Premium shopping on the Grand Strand doesn't look like what most visitors expect. The resort wear racks and outlet corridors are there, but they're not the whole story. At Barefoot Landing in North Myrtle Beach, two stops sit within steps of each other and answer the same question — what am I shopping for today? — in ways that couldn't be more different. Monkee's of Myrtle Beach is the answer for the shopper who already knows her aesthetic, who walks in with an occasion in mind and leaves with something hand-picked by a buyer with a real eye. The selection is seasonal, edited tight, and styled the moment you walk through the door. Then there's the other path — the one where you go in looking for a Pandora charm and leave carrying a hand-sculpted sea turtle you didn't know existed. That's The Mole Hole. In business on the Grand Strand since 1978, it is the rare shop where the browsing is the point.
Mandi Reaves grew up in North Myrtle Beach and opened Monkee's here in 2019 alongside her aunt and co-owner, Sonya Martin. Their shared observation was simple: the Grand Strand had resort wear. What it lacked was somewhere a woman could walk in, describe an occasion, and leave dressed head to toe in something she hadn't seen everywhere else.
Monkee's fills that gap. The inventory — designer clothing, shoes, and accessories from labels including Anna Cate, Crosby, and Esqualo — rotates seasonally and is hand-picked each time. The store is intentionally edited for that reason. What you find here you won't find in the next shop down the boardwalk. Reviewers consistently point to the buyer's eye as the differentiator: their buyer has a great eye when choosing items is the kind of comment that shows up again and again.
The shopping experience leans personal. Staff come to you. They'll suggest, style, and put together a complete look if that's what you want. The store's own framing — shopping in your most fashionable girlfriend's oversized closet — captures the atmosphere accurately. It's relaxed and attentive at the same time. You arrive with an intention, and the store works around it.
This is the stop for the shopper who already knows her aesthetic, who has an event coming up, who wants to leave with something that fits and feels chosen rather than settled for.
The Mole Hole has been at this longer than most visitors have been alive. In business on the Grand Strand since 1978, with locations at both Barefoot Landing and Broadway at the Beach, it has built the kind of loyalty that comes only from repeat visits — and repeat surprise.

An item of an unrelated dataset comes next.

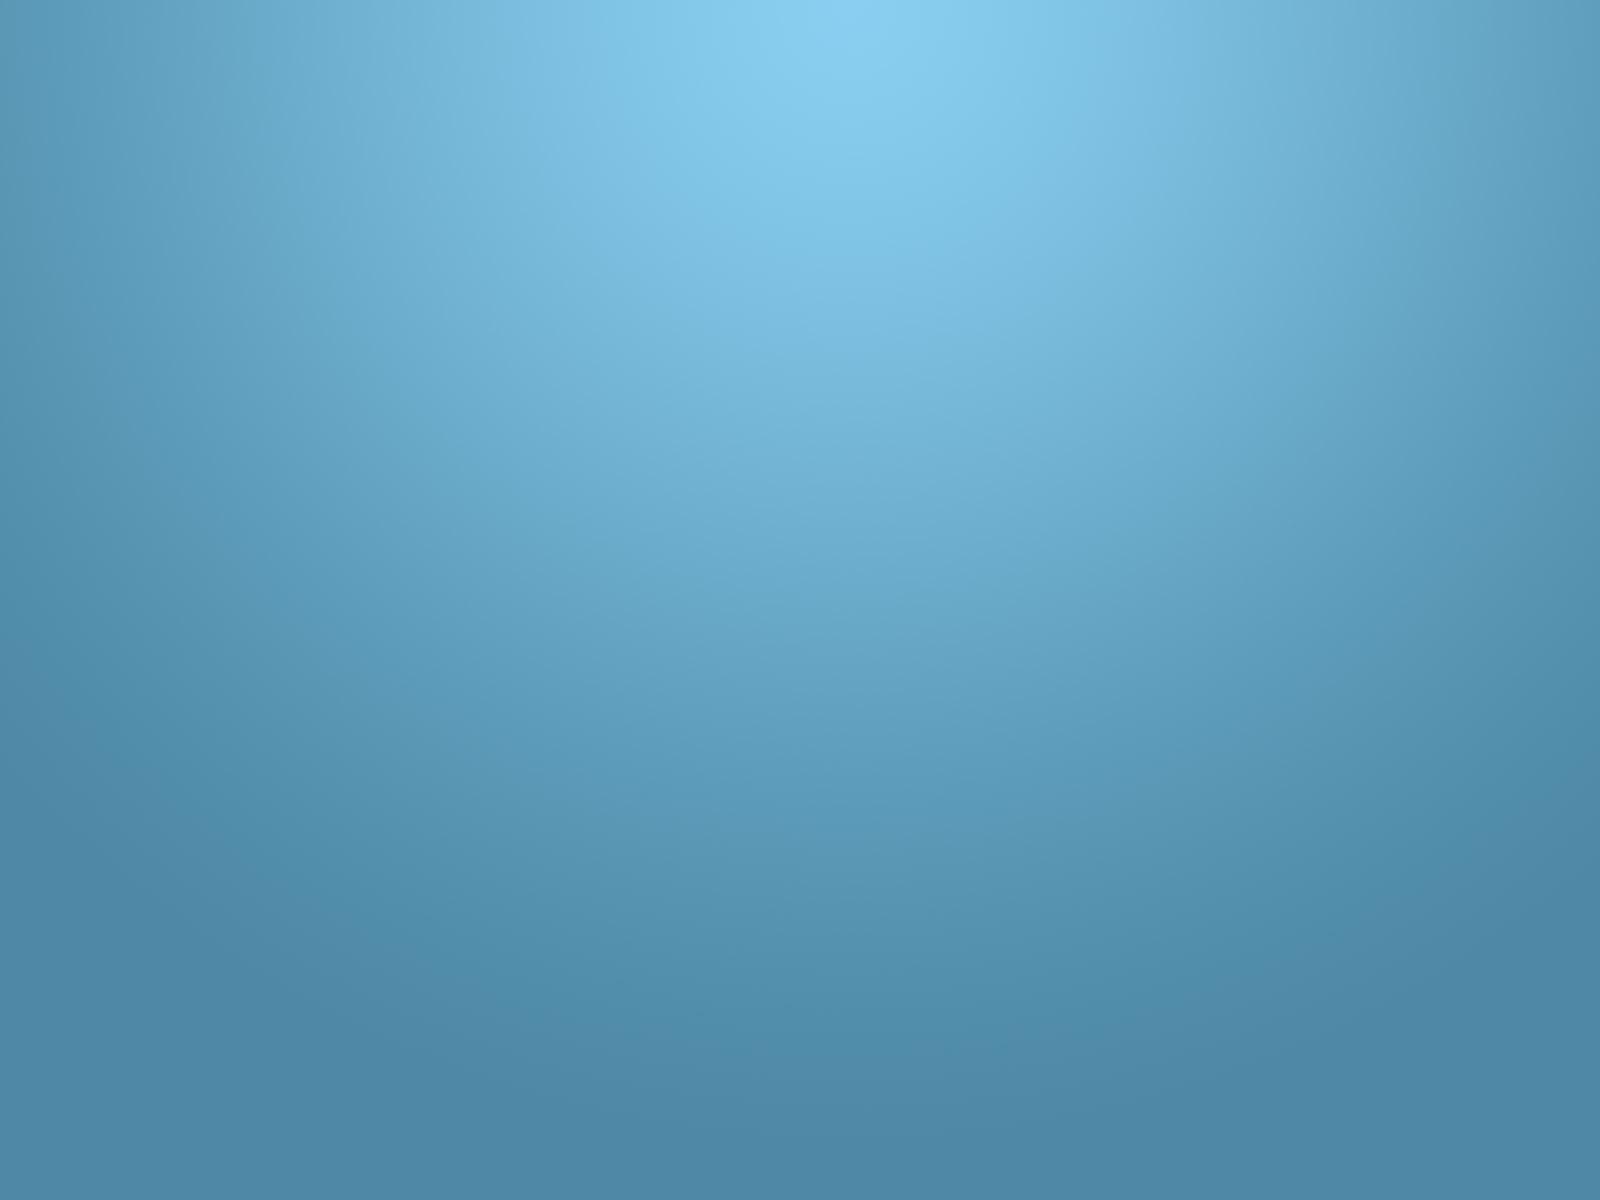 Baby Blue Windows 7 Desktop Wallpaper Baby Blue Wallpapers 1600x1200

The draw is abundance. Fine gifts, collectibles, jewelry, clocks, wall art, figurines, candles, and things that resist easy categorization all share the floor. Swarovski crystal. Pandora beads. Rhythm clocks. Spartina handbags. Brighton accessories. Jim Shore collections. Wee Forest Folk. The inventory is not curated in the Monkee's sense — it is assembled, broad, and constantly rotating. Regulars say the same thing: if you see it here, buy it now. You won't find it anywhere else. That's not a sales pitch. It's an accurate description of how the store works.
What reviewers remember most isn't what they went in for. It's what they left with. A shopper who went in for a necklace left with a hand-crafted sea turtle sculpture by an artist featured in the store. A couple who stopped to look at Brighton charms left carrying a coastal handbag and a stack of jewelry they'd had no intention of buying. The browsing generates the desire. That's the behavioral truth of The Mole Hole — you don't know you need something until you see it, and you see things here you won't see anywhere else on the Grand Strand.

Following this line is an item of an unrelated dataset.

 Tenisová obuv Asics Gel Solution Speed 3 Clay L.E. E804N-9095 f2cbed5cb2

This is the stop for the shopper who wants to wander, who shops as a form of exploration, who finds something meaningful precisely because they weren't looking for it.
The two stores sit within the same complex, and most visitors to Barefoot Landing will walk past both. The question worth asking before you go in is simpler than it sounds: do I have something specific in mind, or am I open?

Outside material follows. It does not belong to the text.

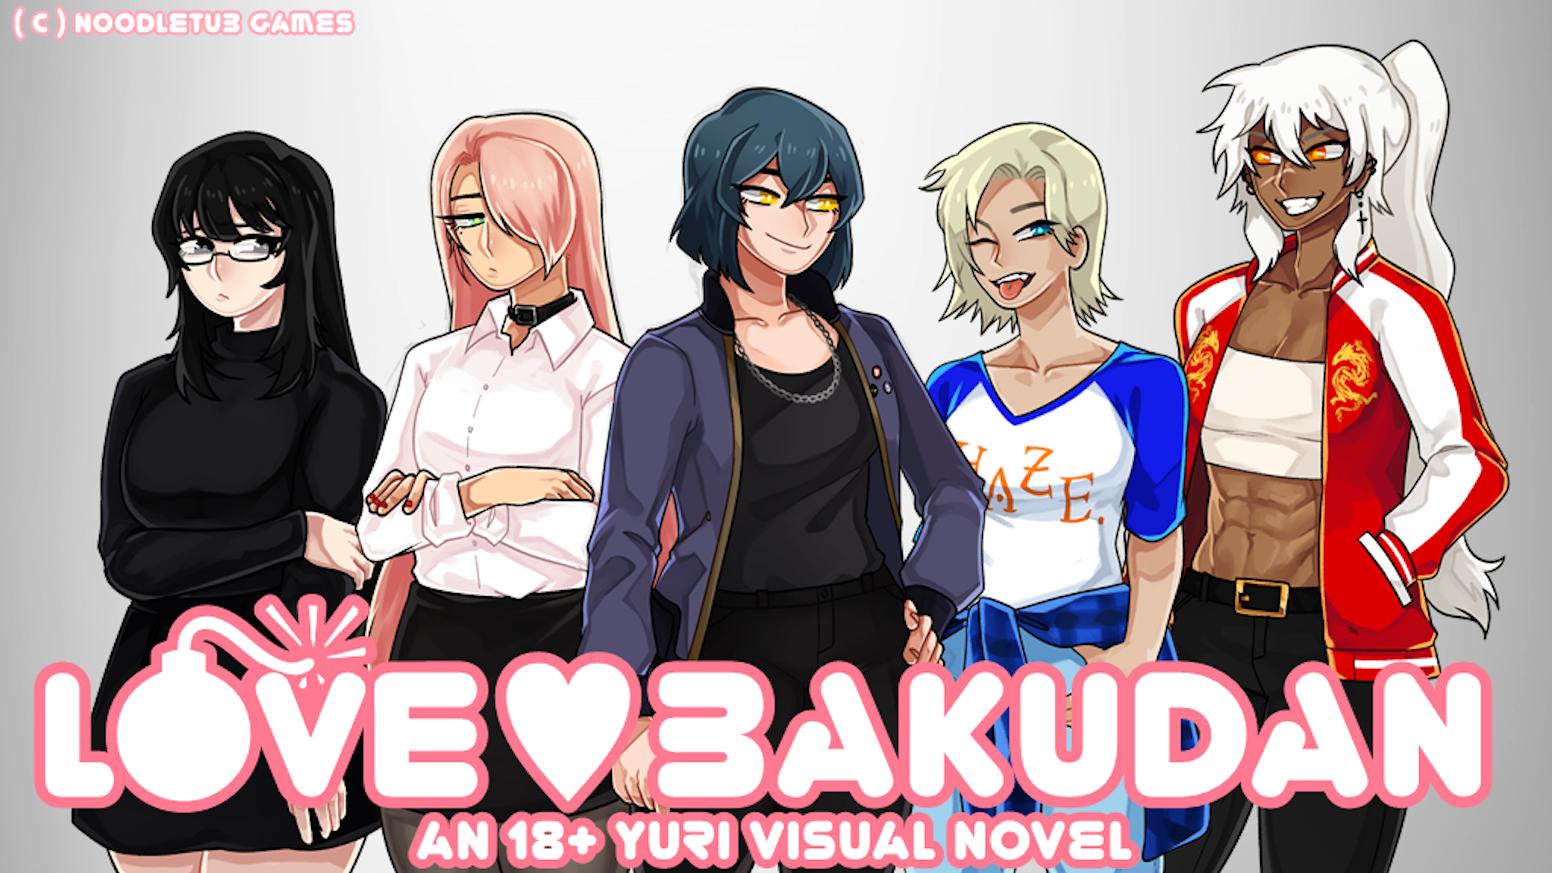 LOVE BAKUDAN - An 18+ Yuri Visual Novel

At Monkee's, coming in with a clear occasion — a wedding, a dinner, a specific wardrobe gap — gives the staff something to work with. The personalized service is the product. Arrive without a purpose and you can still browse comfortably, but the experience is designed around shoppers who know what they want elevated.
At The Mole Hole, the opposite is true. Coming in with a rigid list slightly misses the point. The store rewards the open eye. The Broadway at the Beach location runs larger with more variety; the Barefoot Landing location is a shorter, more concentrated version of the same spirit. Leave extra time at whichever you choose — both stores are the kind where an hour disappears without warning.
Neither stop requires a plan to be worth it. One just works better when you have one.
Monkee's of Myrtle Beach Barefoot Landing, 4822-A Hwy 17 South, North Myrtle Beach, SC 29582 (843) 281-0296 Mon–Sat 10 AM–6 PM, Sun 12–5 PM (hours vary — confirm before visiting) Online shopping available; ships nationally monkeesofmyrtlebeach.com
The Mole Hole Barefoot Landing: 4730 Hwy 17 S, North Myrtle Beach, SC 29582 | (843) 272-5846 Broadway at the Beach: 1323 Celebrity Circle, Myrtle Beach, SC 29577 | (843) 626-7782 Hours vary by location and season — confirm before visiting myrtlebeachmolehole.com
Both Barefoot Landing locations are walkable from each other within the complex. No reservations needed at either.
Both of these stops serve the same traveler question — what do I bring home from this trip? — but they answer it from opposite directions. One starts with your intention and builds around it. The other hands you a floor full of things you didn't know you wanted and trusts you to find the one that stops you.
Neither is the wrong way to shop. The right one depends on which kind of shopper walked through that Barefoot Landing gate today.